Текст книги "Место действия"
Автор книги: Александр Проханов
Жанр:
Современная проза
сообщить о нарушении
Текущая страница: 6 (всего у книги 22 страниц)
– Вы отдайте их тогда вертолетчикам. Чтоб и у них и у нас была ясность, – он радовался быстрой, аккуратно произведенной работе.
Завершили разбор. Она собирала бумаги, готовилась уходить. И, преодолевая себя, с веселостью, почти естественной простотой, сказала:
– Вы, Николай Владимирович, как-то обмолвились, что соскучились по домашним пирогам. Ну, так… приходите сегодня, отведайте… Суровцевых пригласила, – добавила она торопливо.
– Сегодня?.. – Миронов беспомощно, не умея ответить, путался в тончайших, из невидимых паутинок и нитей сотканных отношений. Видел, как они начинают рваться. – Сегодня? Не знаю… Постараюсь. Сегодня вечером на ТЭЦ… Должен там быть… Вот если после… Если успею…
И знал, что не придет, видя, что и она это знает, стыдясь своей лжи, горюя бог весть о чем, но и облегченно выпутываясь на свободу из этих, теперь уже воистину несуществующих отношений, провожал взглядом ее, уходящую, прямую и строгую, с пшеничными волосами.
Анна Валентиновна шла по коридору, улыбаясь и боясь разрыдаться: «Дура, какая дура!.. Пироги, пироги!.. Бусы жемчужные!.. Так меня, так! Крепче, крепче! Мало учили, а все не научили!.. Господи!.. Дура…»

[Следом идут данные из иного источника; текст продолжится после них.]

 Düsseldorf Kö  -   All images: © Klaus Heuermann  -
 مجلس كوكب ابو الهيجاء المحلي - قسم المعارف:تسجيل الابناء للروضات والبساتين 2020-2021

Вечером Миронов оставил кабинет, полный телефонных звонков и табачного дыма. Выехал на объекты. Окунулся в зеленый, свежий, твердо-прозрачный воздух.
Уже строилась группа заводов в подспорье основному гиганту.
Расчертили тайгу на огромные квадраты. И в каждом, как в кадре, расчлененное на отдельные части, совершалось движение.
Валили лес визжащими пилами, открывая с падением каждого дерева все больше пространства, пустого морозного неба.
Выволакивали на просеки поверженные, кронами вниз, стволы. Корчевали и жгли обрубки, костровища теплились, как чьи-то живые, засыпанные пеплом глаза.
Бульдозеры наносили ножами длинный надрез котлована, отверзая в земле парную, с черной сукровью рану, погружались в нее, не давали сомкнуться.
Ухали в котловане копры, готовя свайное поле, вгоняя в грунт четырехгранные спицы.
И готовое поле в ровных бетонных саженцах, вживленных в лед, принималось расти.
И уже вздымались ветвистые фермы, наполняя пространство ребристой листвой. Сталь вырастала, кустилась. Новый лес, сваренный из двутавров, качался, скрипел, сыпал огненные семена. И казалось, в железных кронах скачут железные птицы, у железных стволов ходят железные звери, лязгают, искрятся, дымят.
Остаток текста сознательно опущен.